◆ Given information:

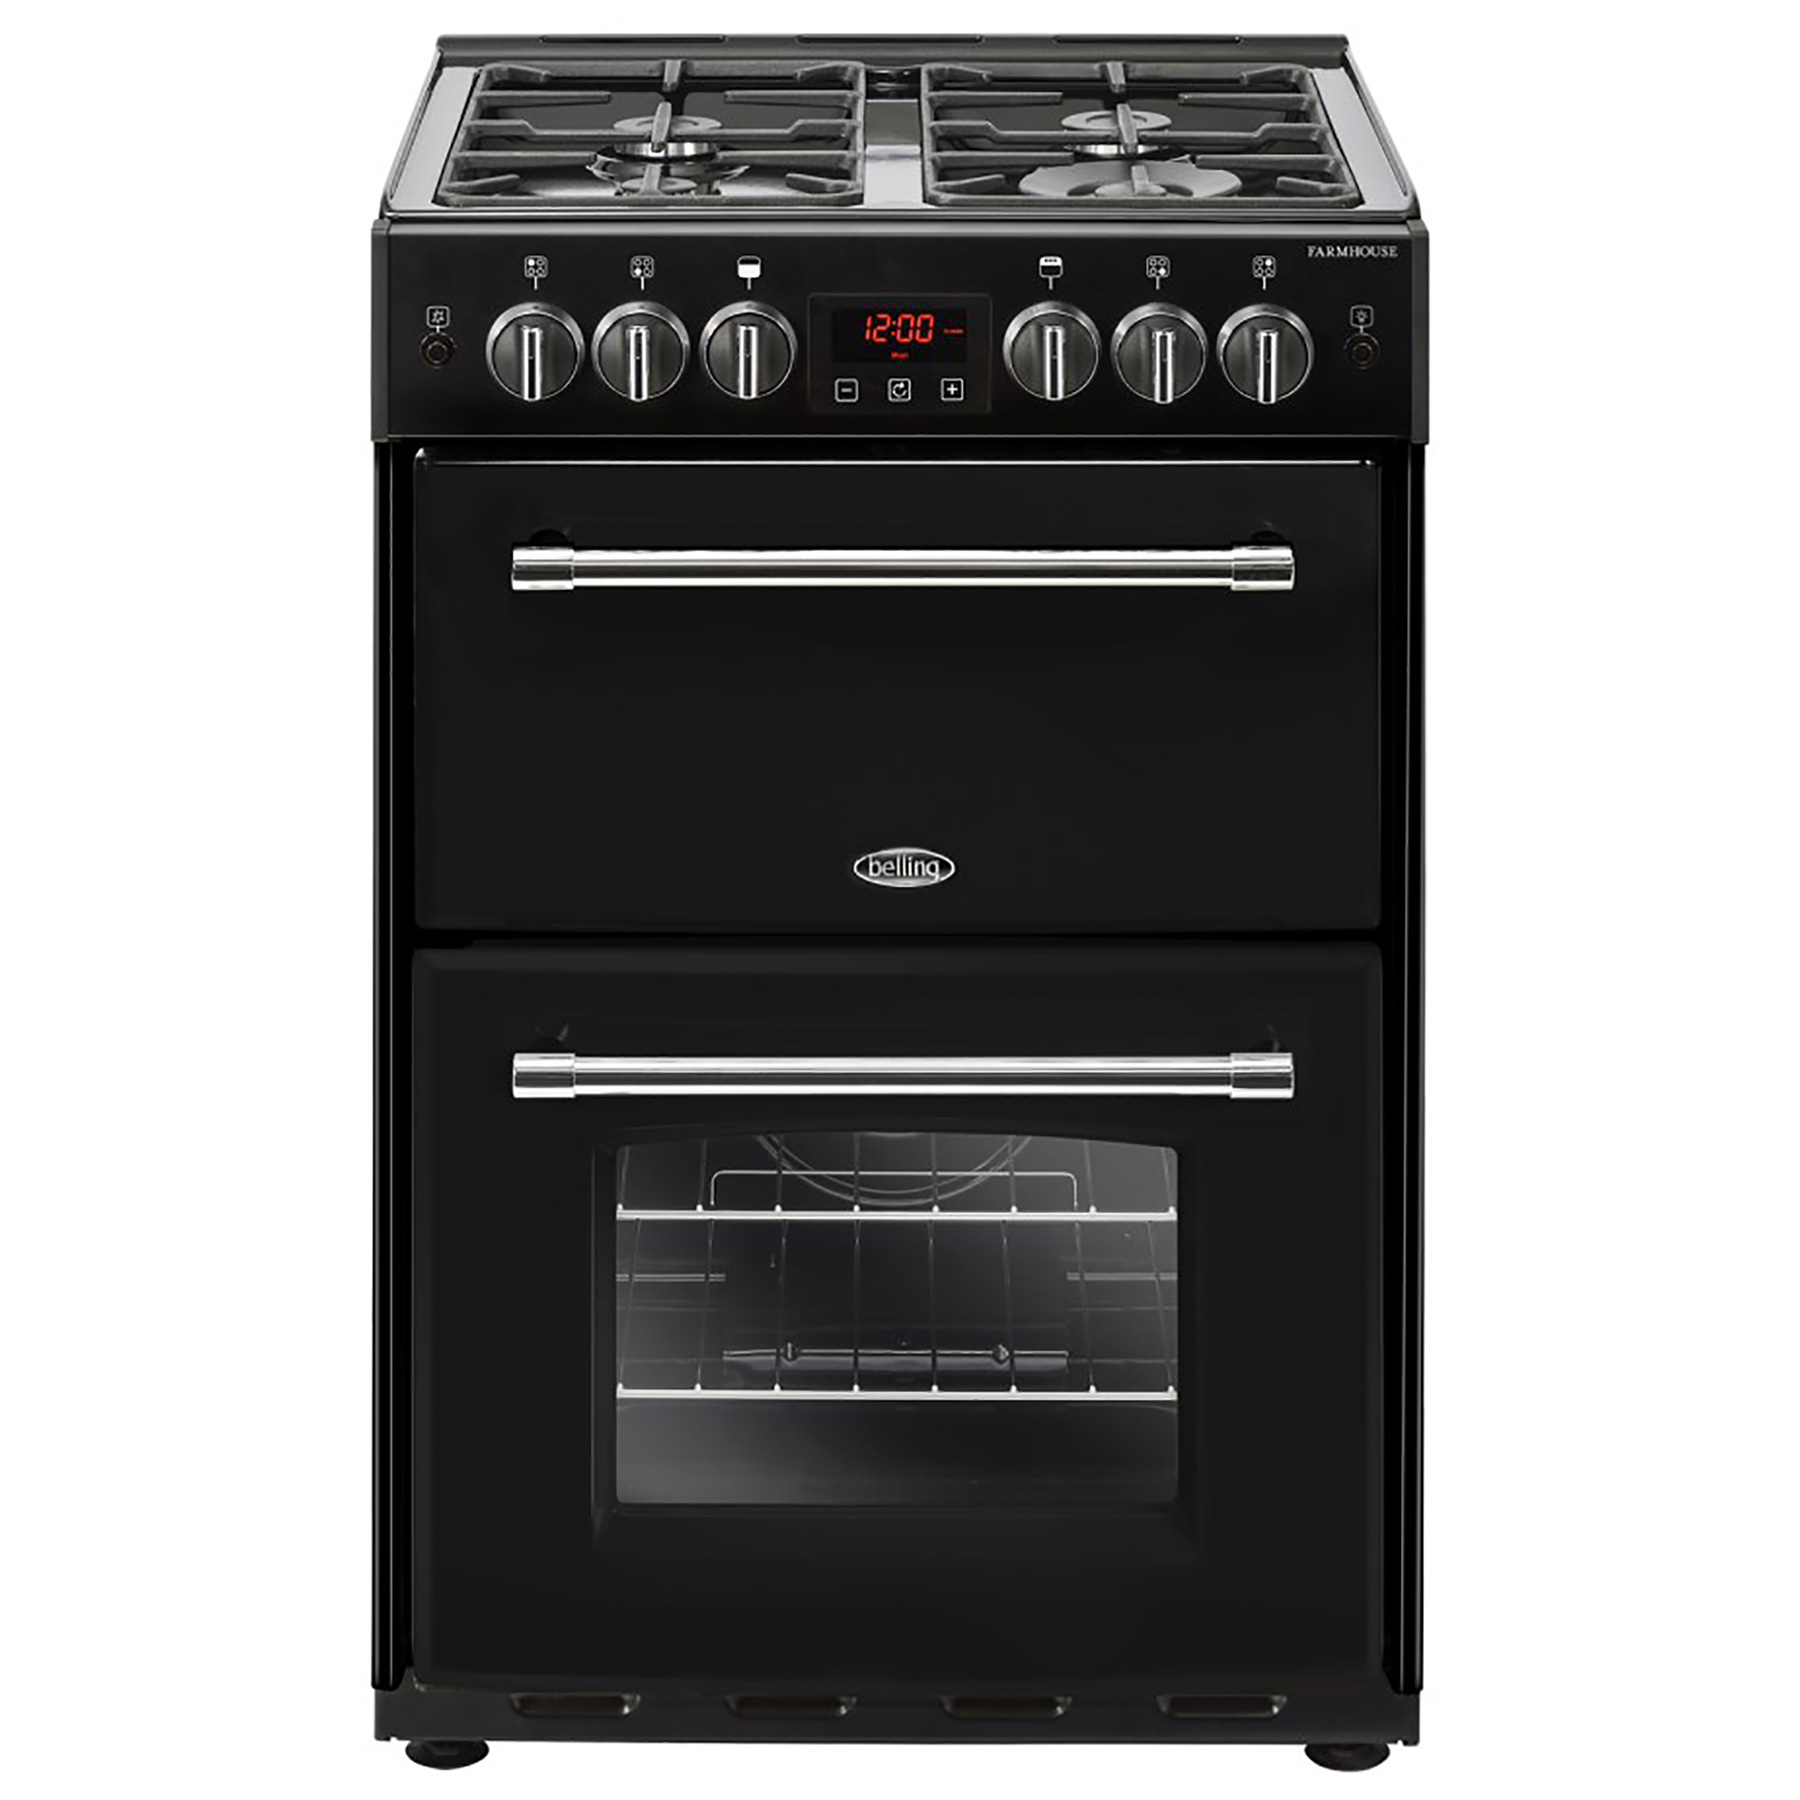 Image of Belling 444444717 60cm Farmhouse 60G Double Oven Gas Cooker in Black
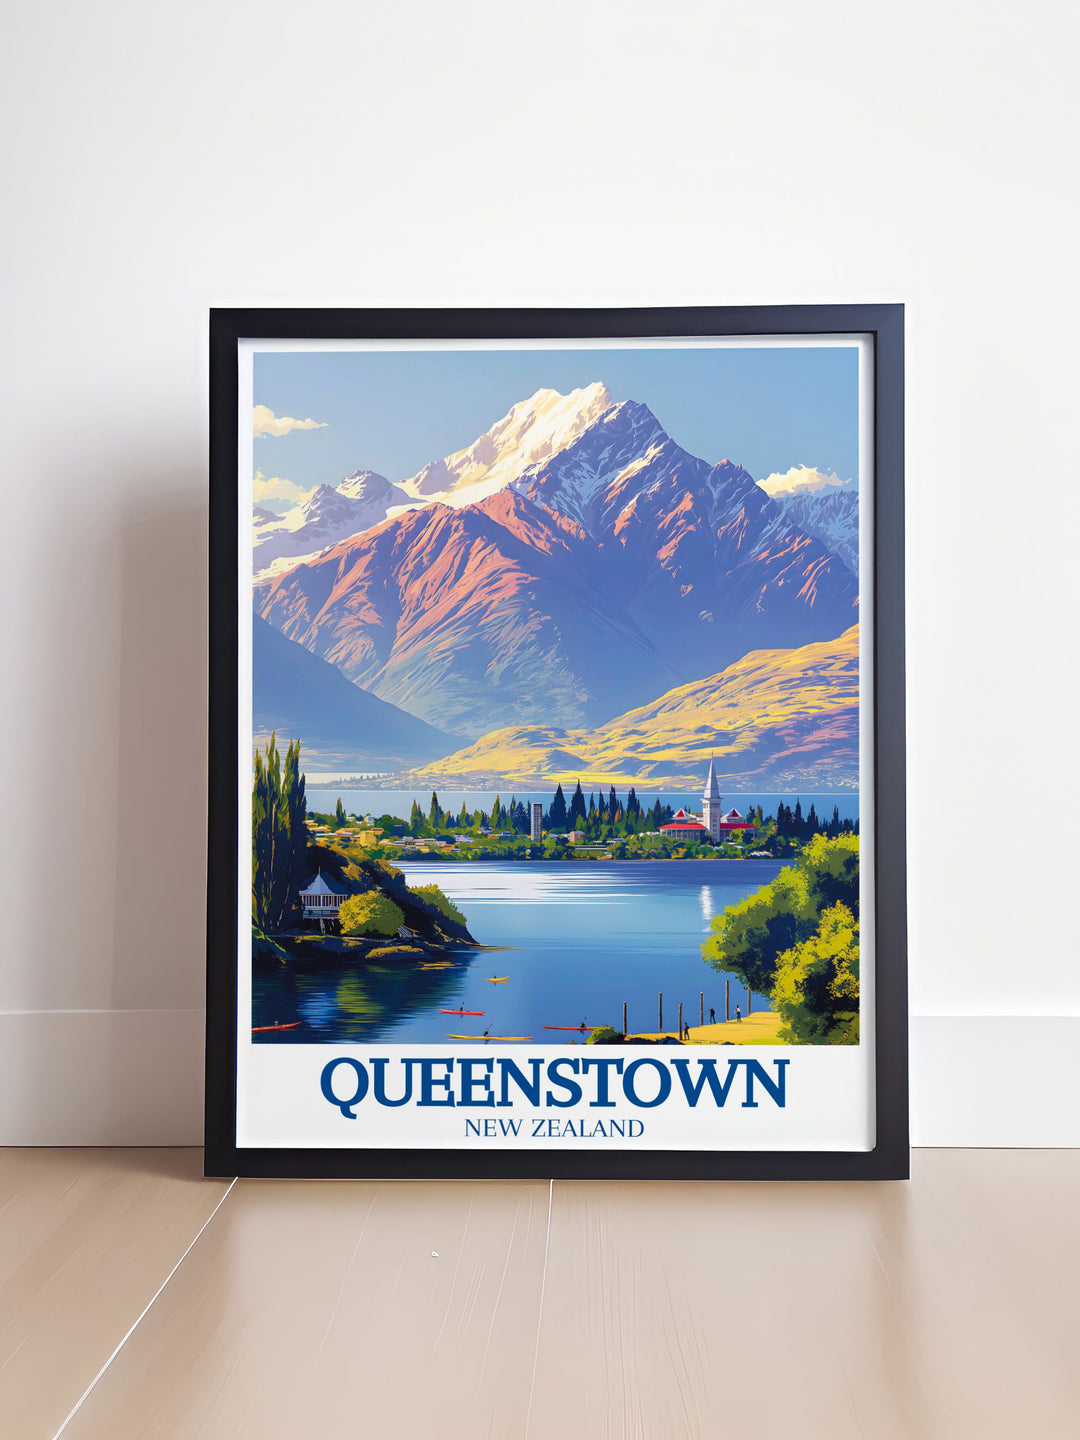 Queenstown travel poster highlighting The Remarkables Lake Wakatipu in a vintage style perfect for home decor office spaces and gifts showcasing the natural beauty and charm of Queenstown through a timeless black and white fine line print
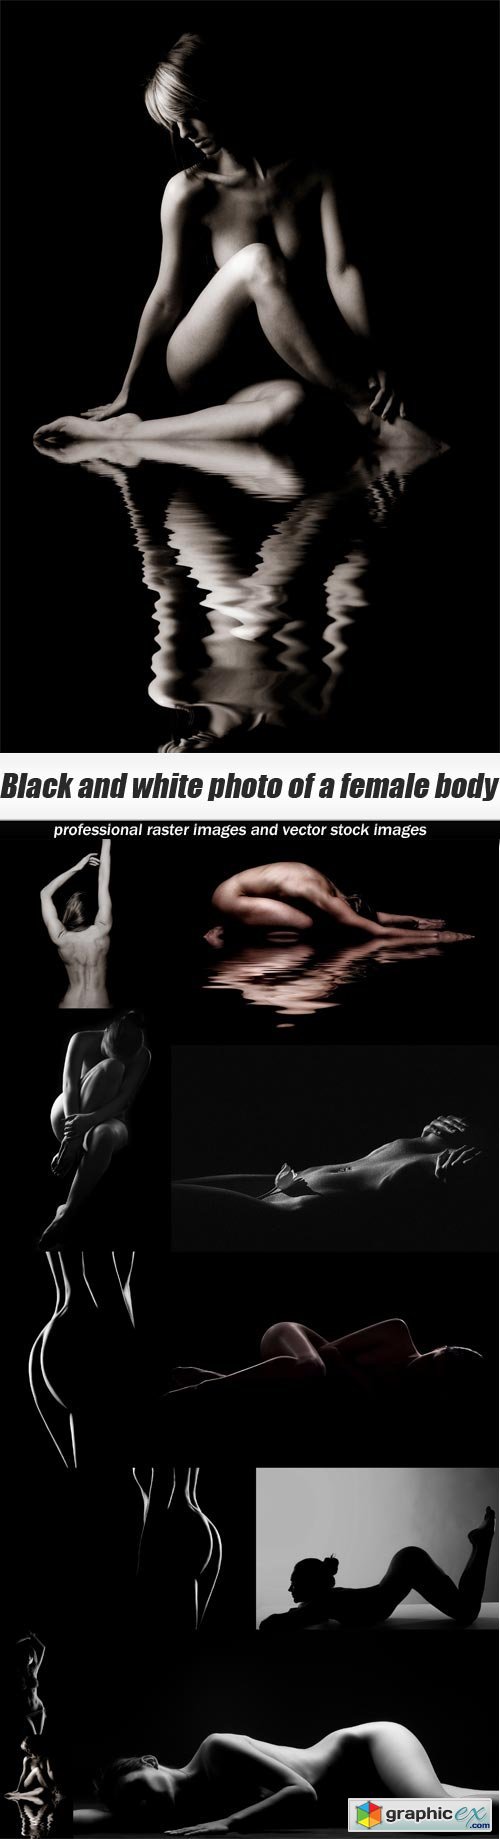 Black and white photo of a female body
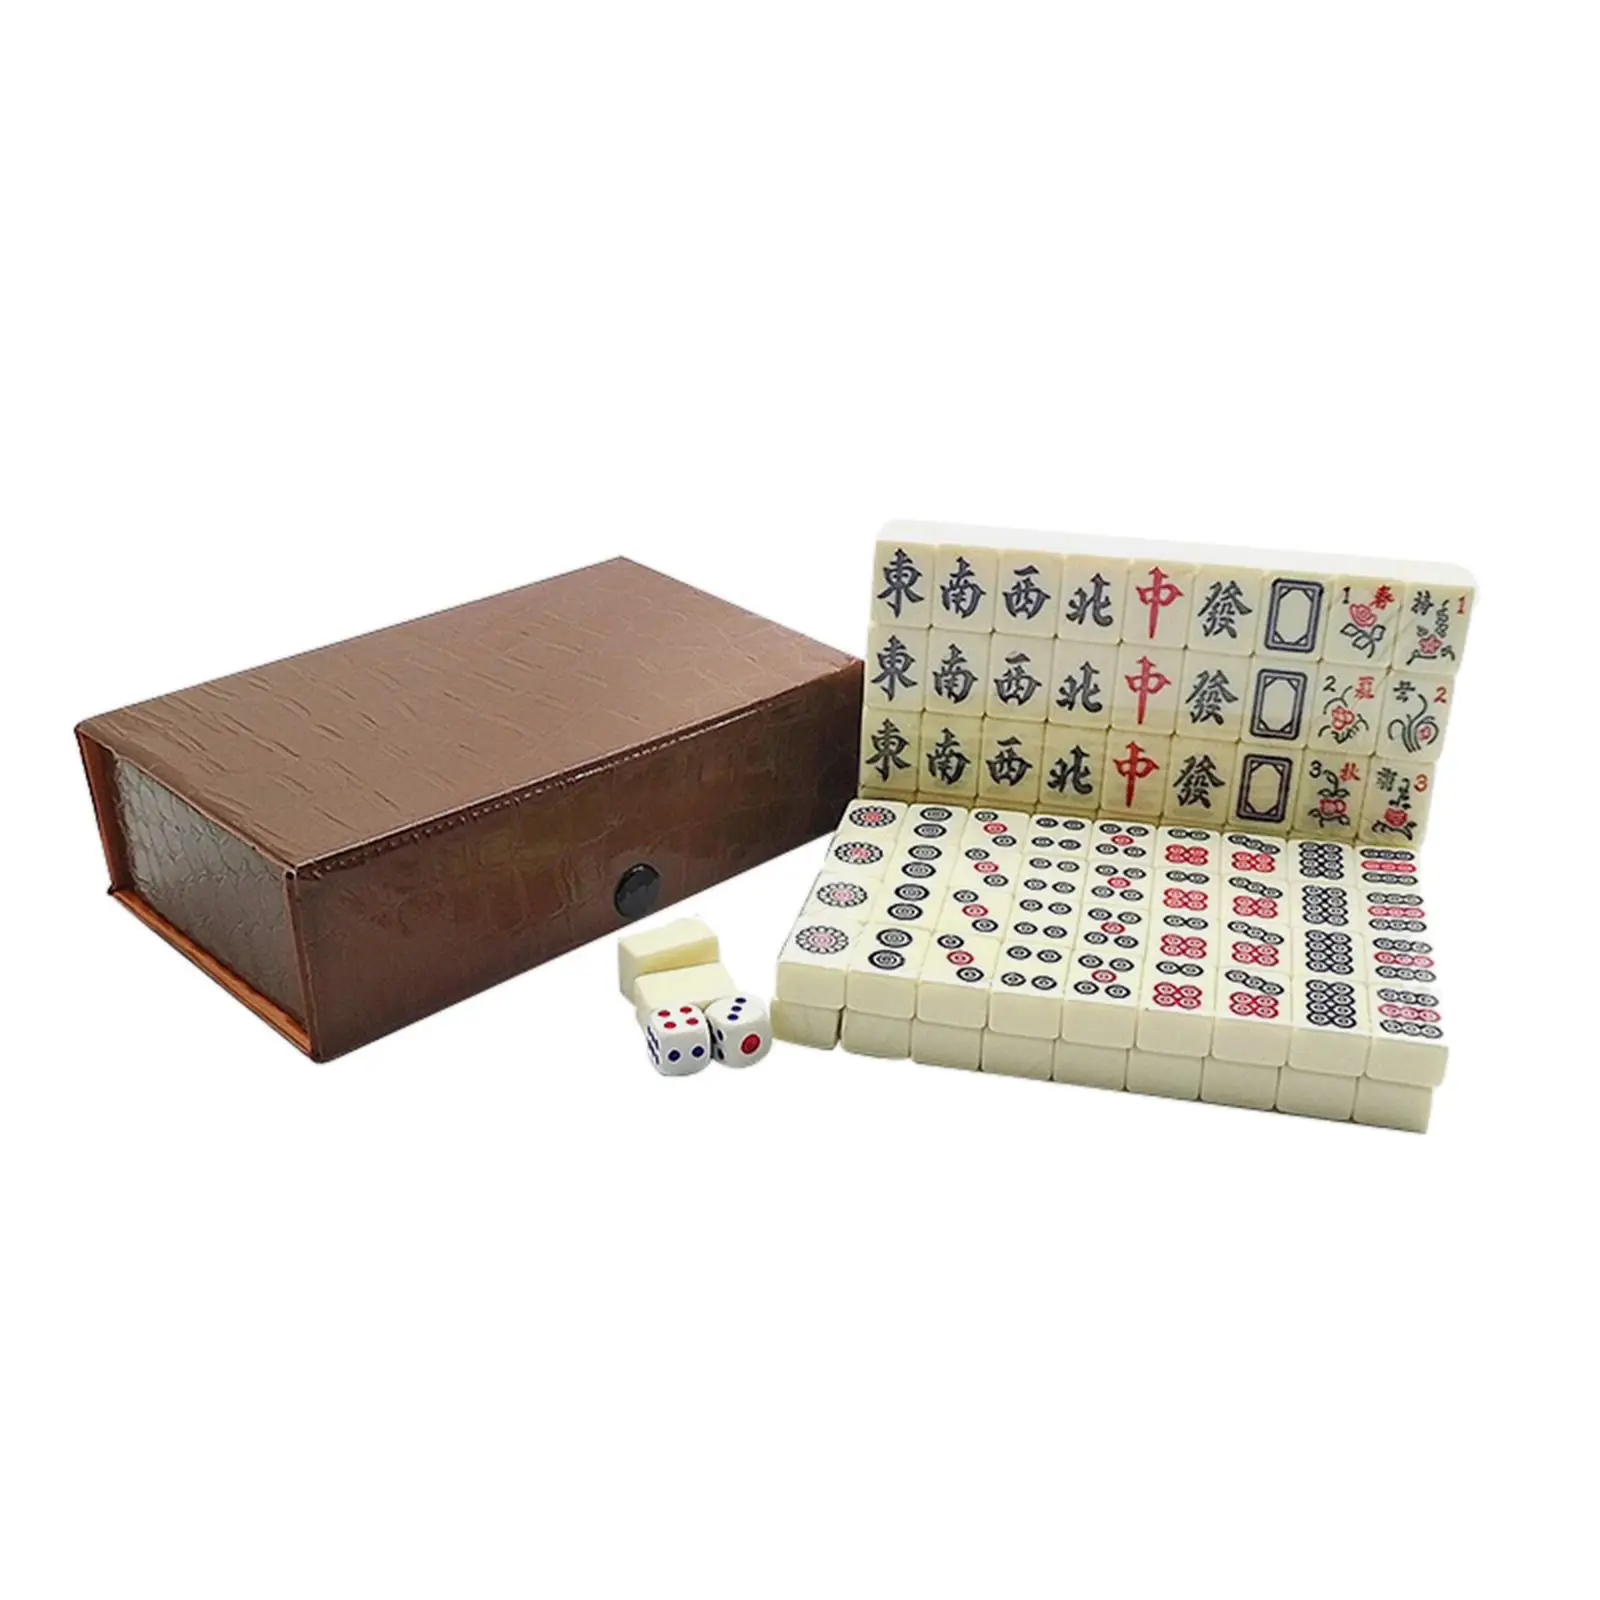 Travel Mahjong Set classic tiles Games with 146 Tiles, for Adults Kids

◆ Description of the task: Your copy of the data above should match it exactly, apart from the images.

◆ Answer section:
 Image of Belling 444444717 60cm Farmhouse 60G Double Oven Gas Cooker in Black
 Queenstown travel poster highlighting The Remarkables Lake Wakatipu in a vintage style perfect for home decor office spaces and gifts showcasing the natural beauty and charm of Queenstown through a timeless black and white fine line print
 Black and white photo of a female body
 Travel Mahjong Set classic tiles Games with 146 Tiles, for Adults Kids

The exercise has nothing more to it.